Um die US-Infrastruktur tatsächlich sanieren zu wollen, müsste man die neoliberale Selbstruinierung umkehren. Notwendig wäre ein gigantisches, sich über mehrere Jahrzehnte erstreckendes Programm. Die operativen staatlichen Fähigkeiten der 1930er bis 1960er Jahre müssten zurückgewonnen werden, die Reichen und die Großkonzerne müssten wieder zur Kasse gebeten werden und die sozialökonomischen Lebensverhältnisse wieder auf ein Niveau gebracht werden, das gute Löhne für qualifizierte Arbeit ermöglicht. Davon kann selbstredend nicht im Ansatz die Rede sein.

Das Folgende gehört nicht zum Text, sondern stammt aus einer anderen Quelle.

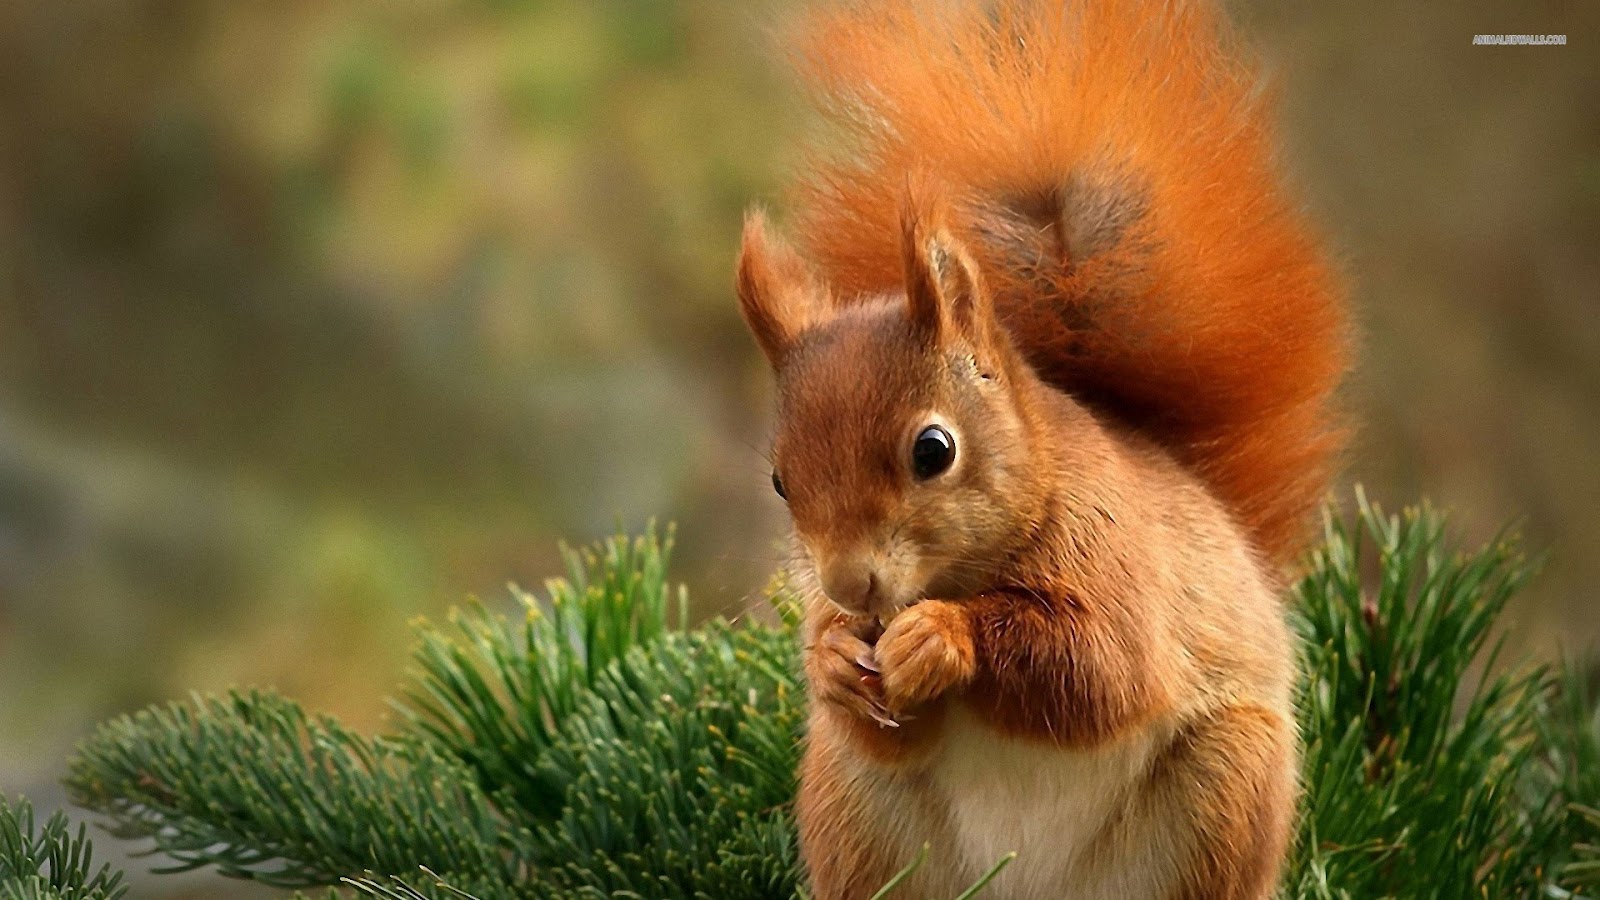 Funny Squirrels wallpaper for desktop |Funny Animal

Die Federal Reserve hat im US-Finanzcasino ein Spiel organisiert, bei dem niemand verlieren kann und so – inmitten der Krise – für eine Reichtumsexplosion von 9 Billionen USD bei den Zockern gesorgt. Die 460 US-Milliardäre haben allein davon 1,3 Billionen abbekommen. Geld ist also reichlich vorhanden. Aber die Reichen und die Monopole hatten noch nie genug und sie haben auch jetzt nicht genug. Sie werden auch beim Infrastrukturprogramm wieder die Hand aufhalten. Das Geld wird per Private Public Partnership oder durch ähnliche Konstruktionen zuallererst bei ihnen landen, bei den Dividenden der Aktionäre und den Boni der Vorstände und Aufsichtsräte. Was dann noch für Straßen, Brücken, Deiche und Eisenbahnen bleibt, dürfte überschaubar sein. Während des New Deals der 1930er Jahre wurden 15 Millionen arbeitslose US-Bürger direkt vom Staat eingestellt. Daran ist beim „Tech New Deal“ nicht einmal zu denken.